El día señalado, conforme a la decisión de la cancillería, los comisionados de ambas provincias, junto con funcionarios y corresponsales, acompañados por un grupo de niños que no han ido a la escuela, marineros, irlandeses y otros ciudadanos exentos de o desobedientes a las imposiciones del reloj en este lugar, se dirigen por la calle del Cedro a la casa en cuestión, pues la pared norte de ésta quedará establecida como el punto más meridional de Filadelfia.

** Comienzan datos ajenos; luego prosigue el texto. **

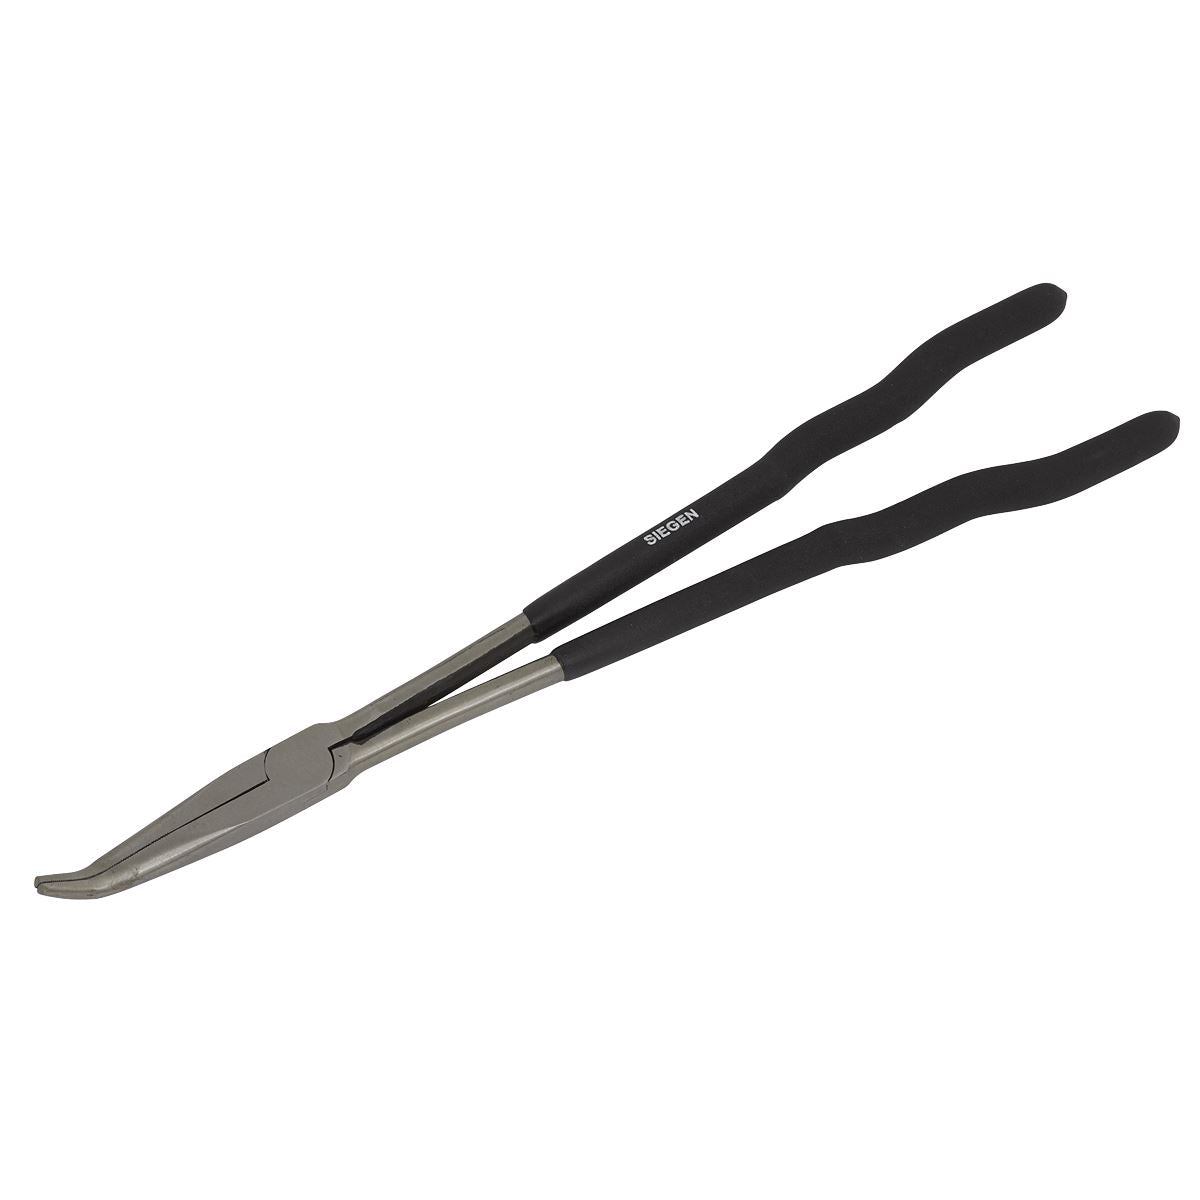 Siegen by Sealey Needle Nose Pliers Extra-Long 400mm 45°

A quince millas al sur de esta casa, y con la anchura de un PPR (Pelo Púbico Rojo, una distancia mínima, en la jerga de los agrimensores), pasará la línea hacia el oeste.
Los vecinos se reúnen y murmuran. «Bueno, podrían haber esperado un poco». «¿Es que no son suficientes ochenta años?». «Al ritmo que crece esta ciudad, ese punto meridional se encontrará al otro lado de la calle y manzana abajo antes de que termine la semana». «Sí, se mueve incluso mientras hablamos, y es tan difícil de detener como un cerdo engrasado». Traen el sector —cual odalisca mecánica— en una carreta acolchada. Los niños saltan y agitan los brazos, como un recuerdo inconsciente de cuando tenían alas, para ver lo que hay dentro de la carreta.
—¿Por qué no emplean la pared del sur? —inquieren varios de ellos, demasiado espabilados para sus edades y estaturas.
—La pared del sur es propiedad privada —replica el ayudante del alcalde—, así que las partes han acordado que esta pared norte es la superficie pública más meridional.
El señor Benjamin Loxley y sus hombres se han afanado en levantar un observatorio en un solar de las inmediaciones, erigido entre los ritmos de los martillos, todos a la vez, cada carpintero a su ritmo, ligeramente distinto de los demás, y tarareando fragmentos de canciones.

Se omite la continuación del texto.